▸ **ASSIGNMENT**
Only the lines from the one containing "Academia Santalices Oposiciones" through the last line of the material should be copied, exactly as written and without pictures.

▸ **COLLECTED DATA**
[Start of Attachment]
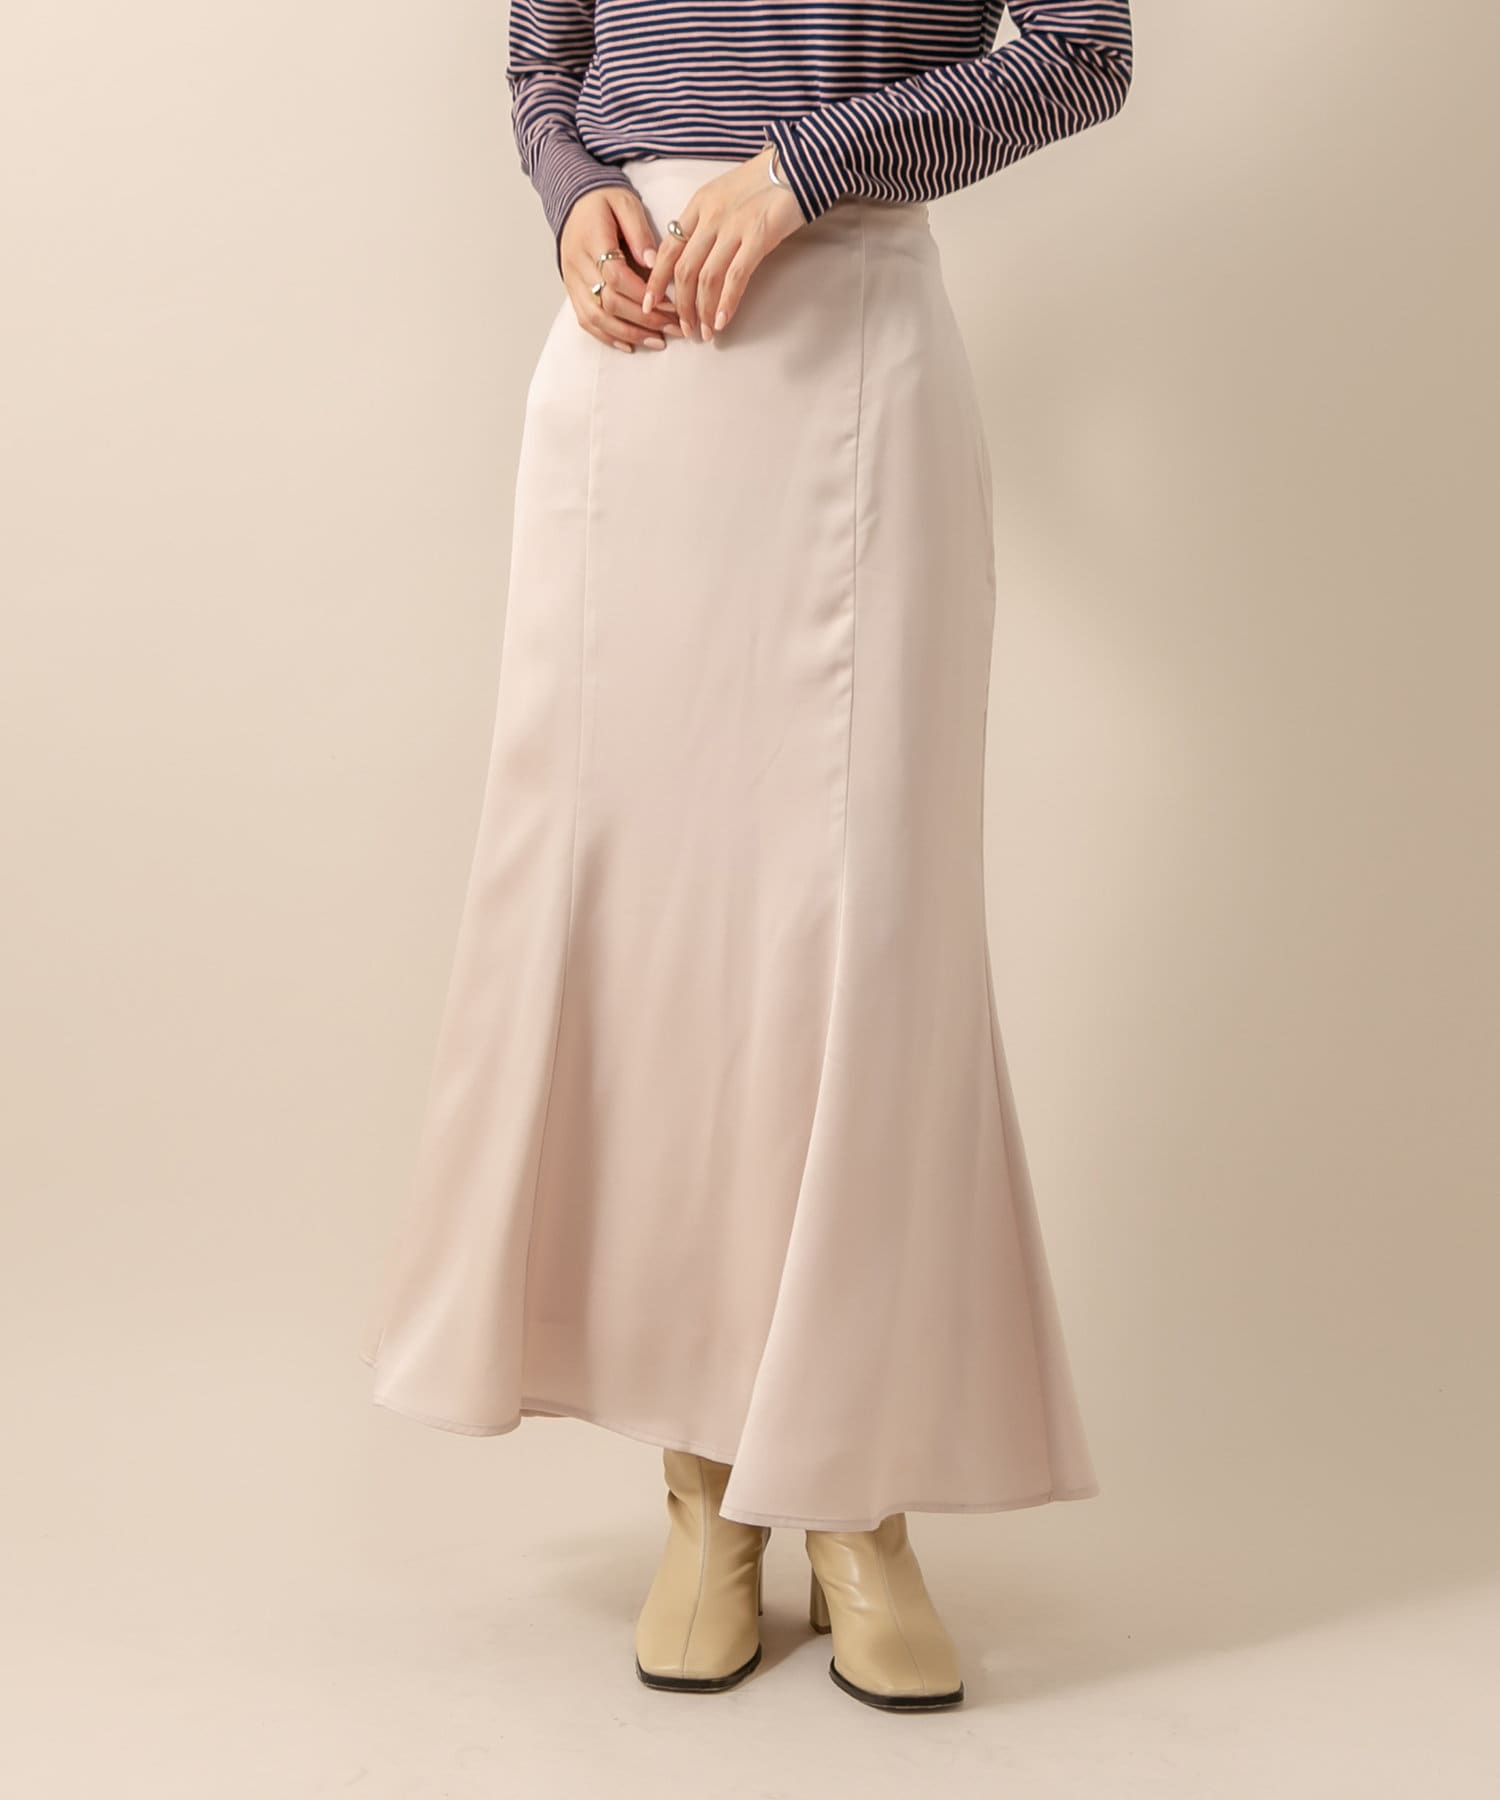 mystic(ミスティック) 【ライブコマース紹介】[mline] WEB限定 サテンマーメイドスカート
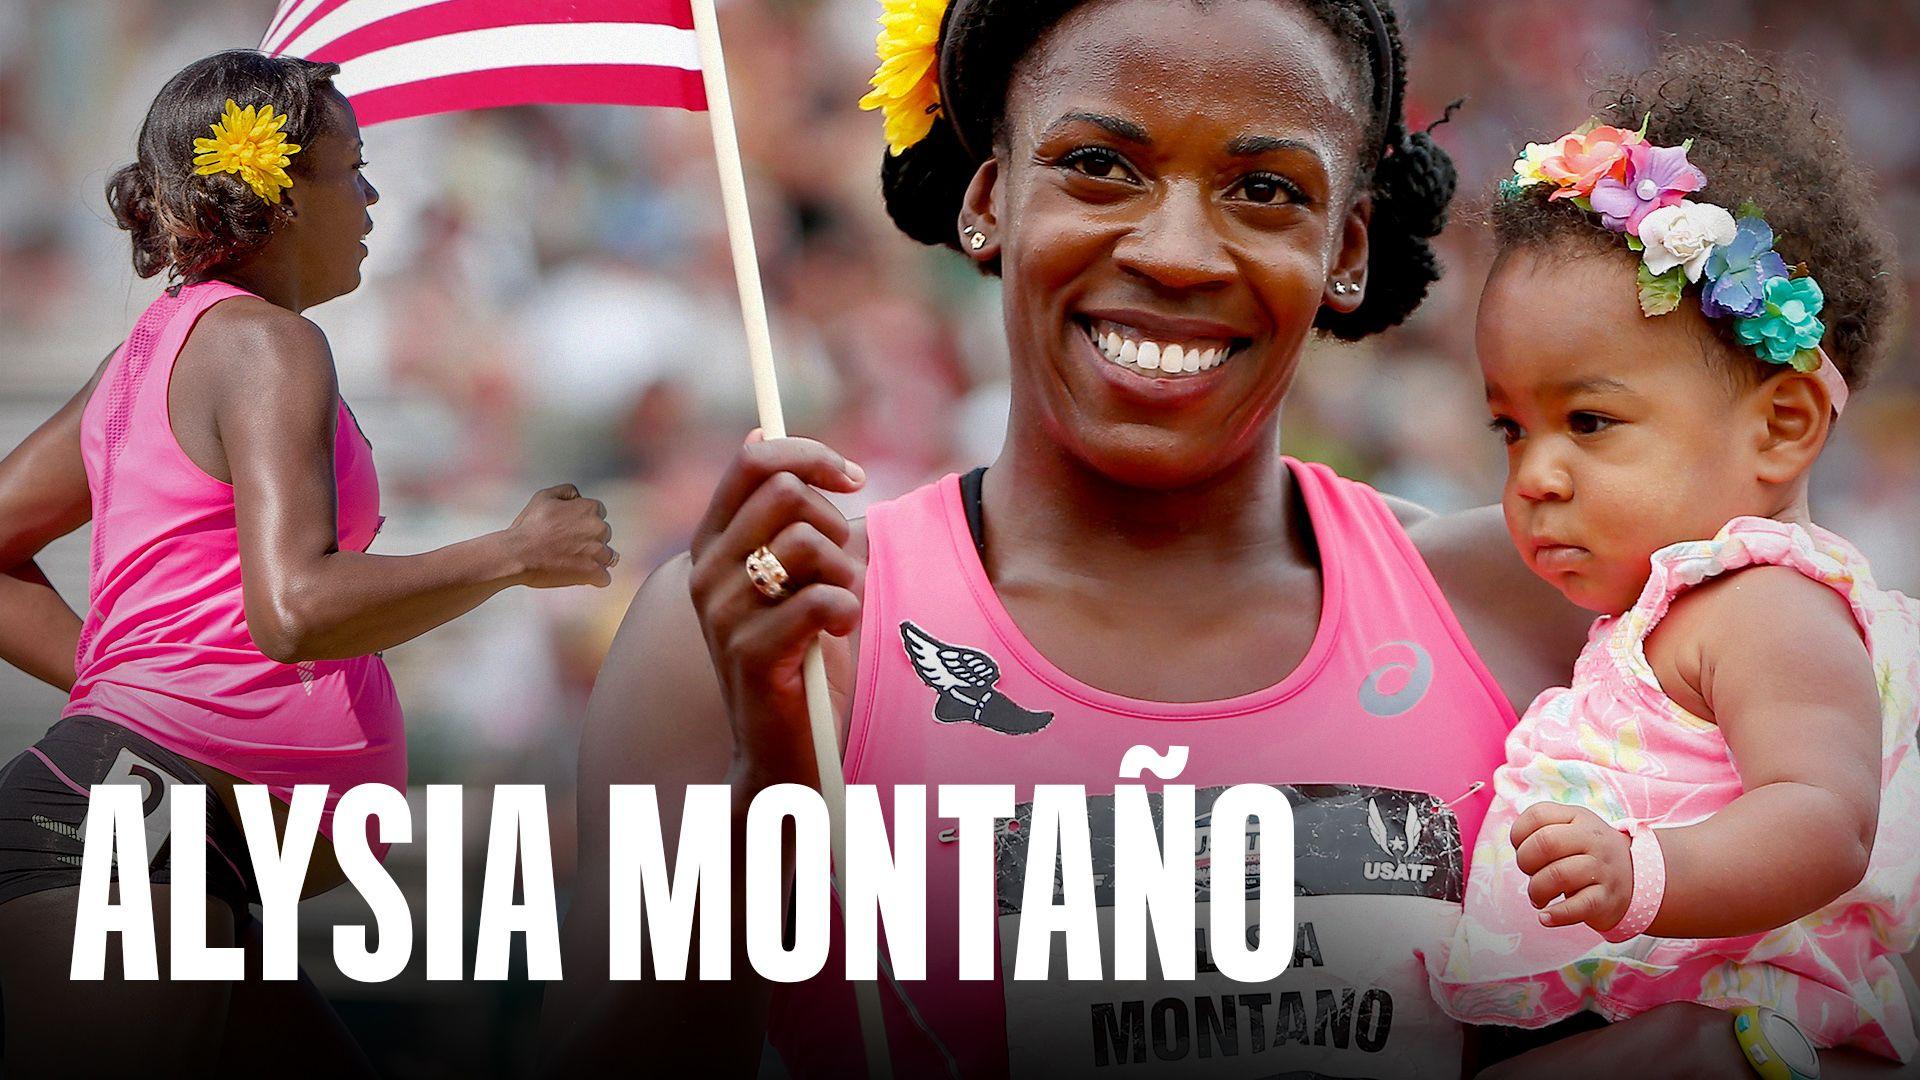 Alysia Montaño Is the Hero of This Story
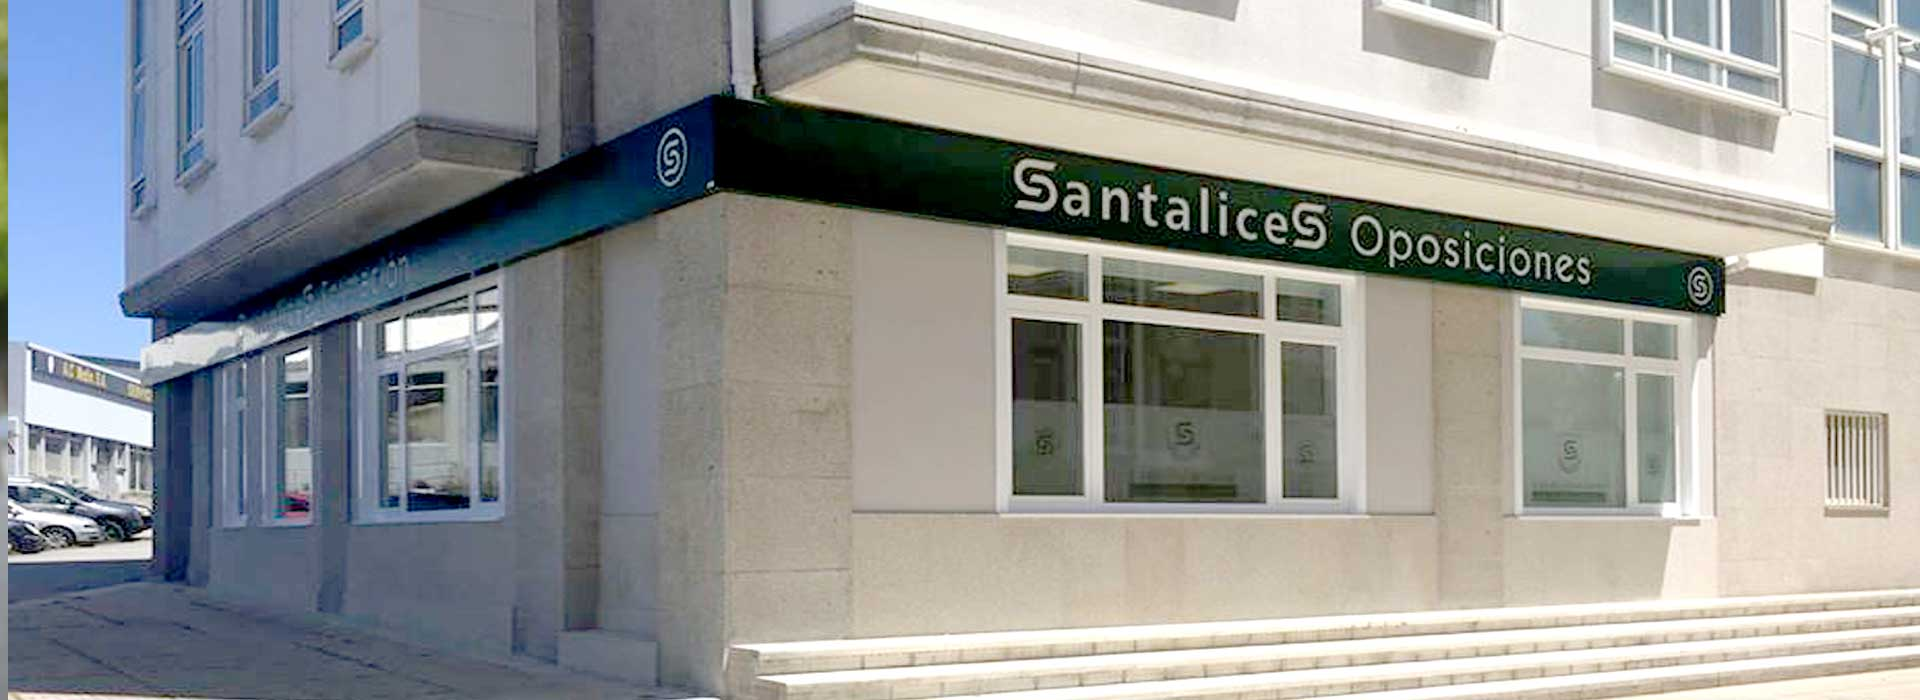 Academia Santalices Oposiciones Guardia Civil
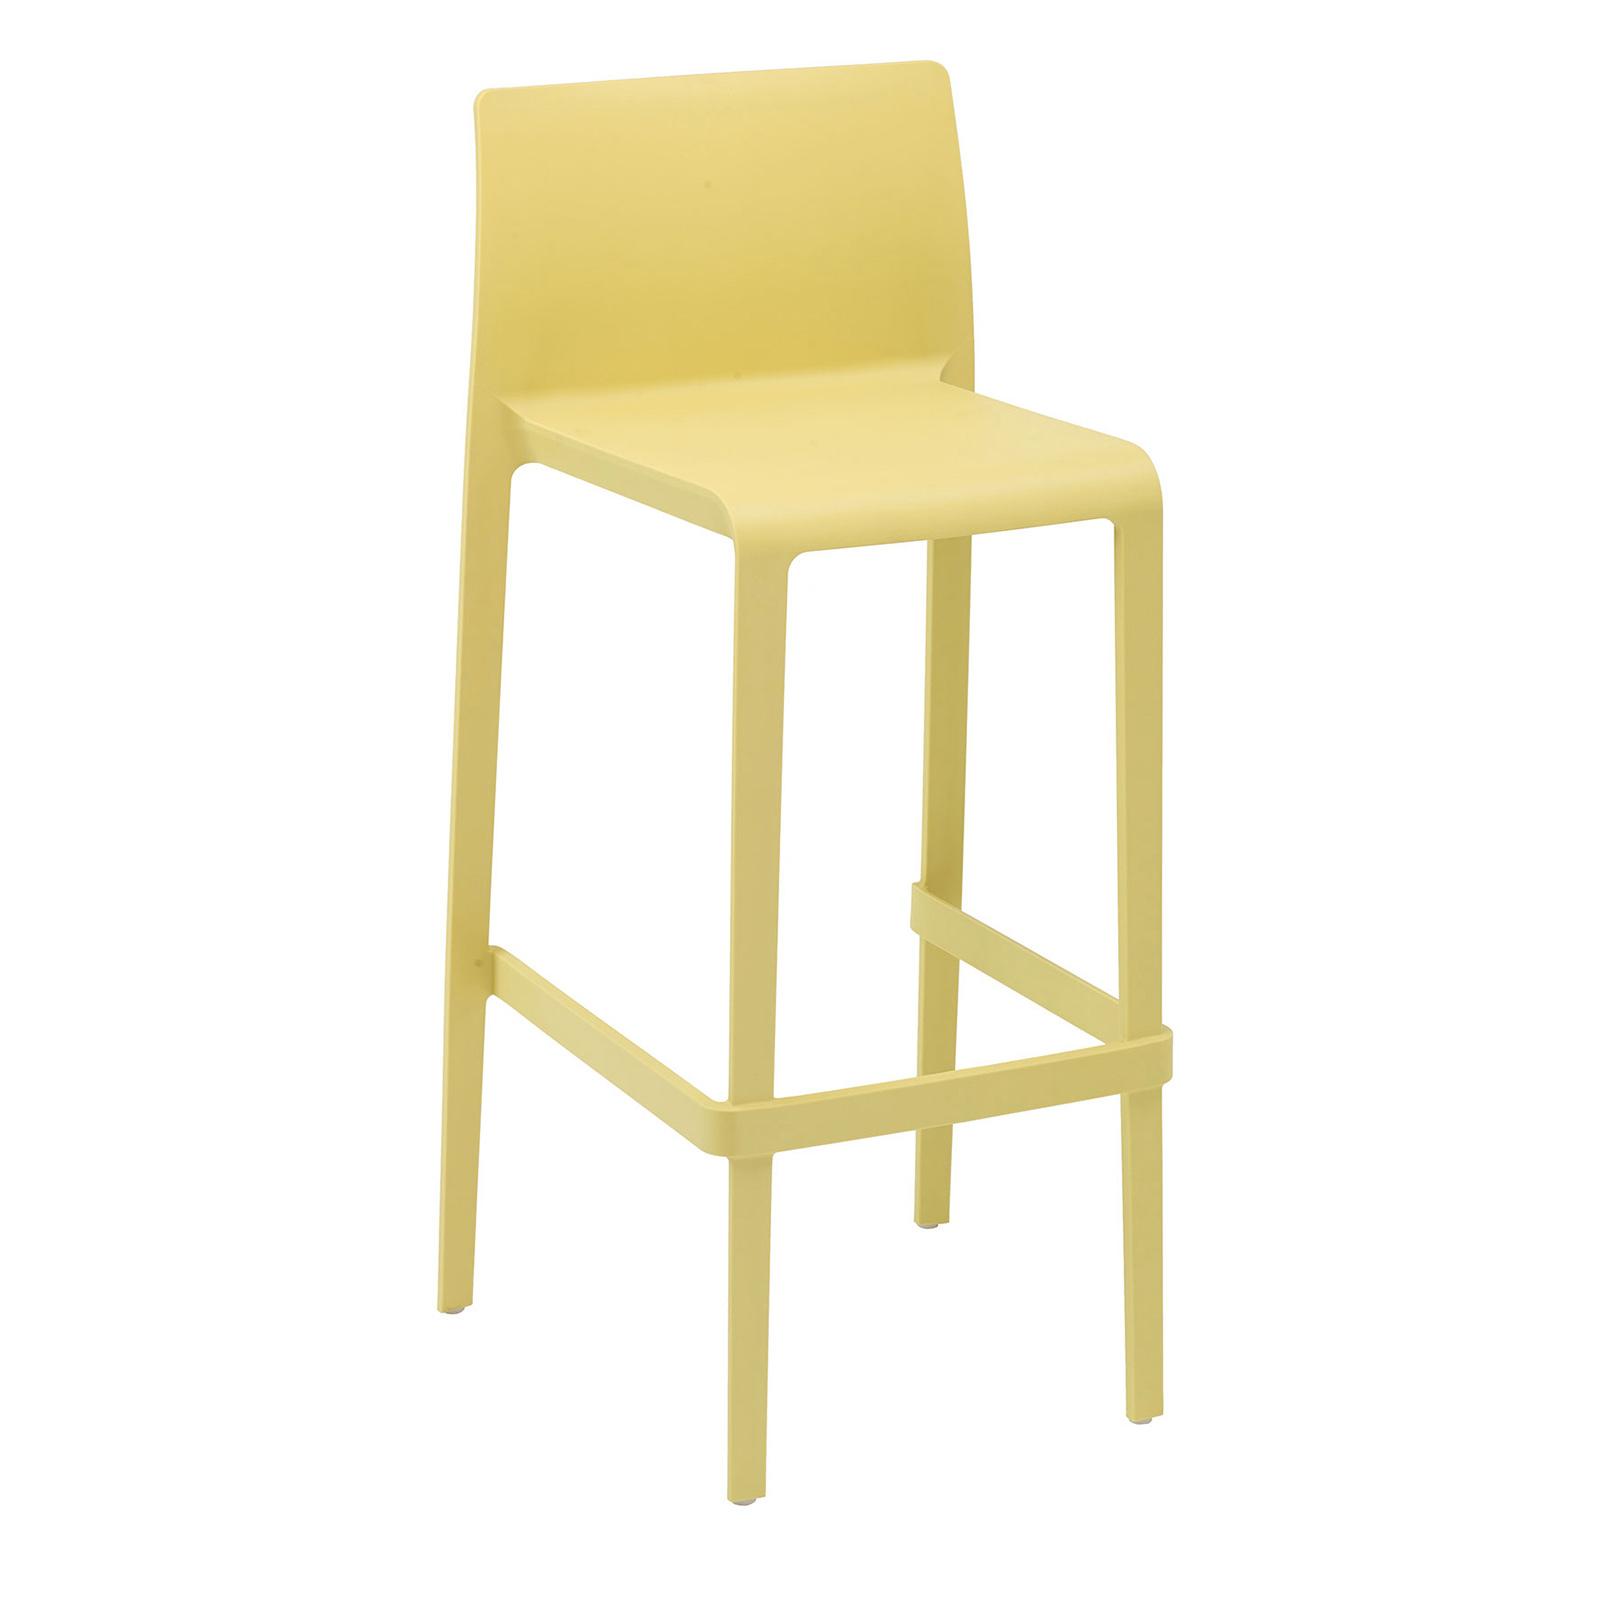 Florida Seating VOLT-B / YELLOW bar stool, stacking, outdoor
[End of Attachment]
▸ **WRITTEN RESPONSE**
 Academia Santalices Oposiciones Guardia Civil
 Florida Seating VOLT-B / YELLOW bar stool, stacking, outdoor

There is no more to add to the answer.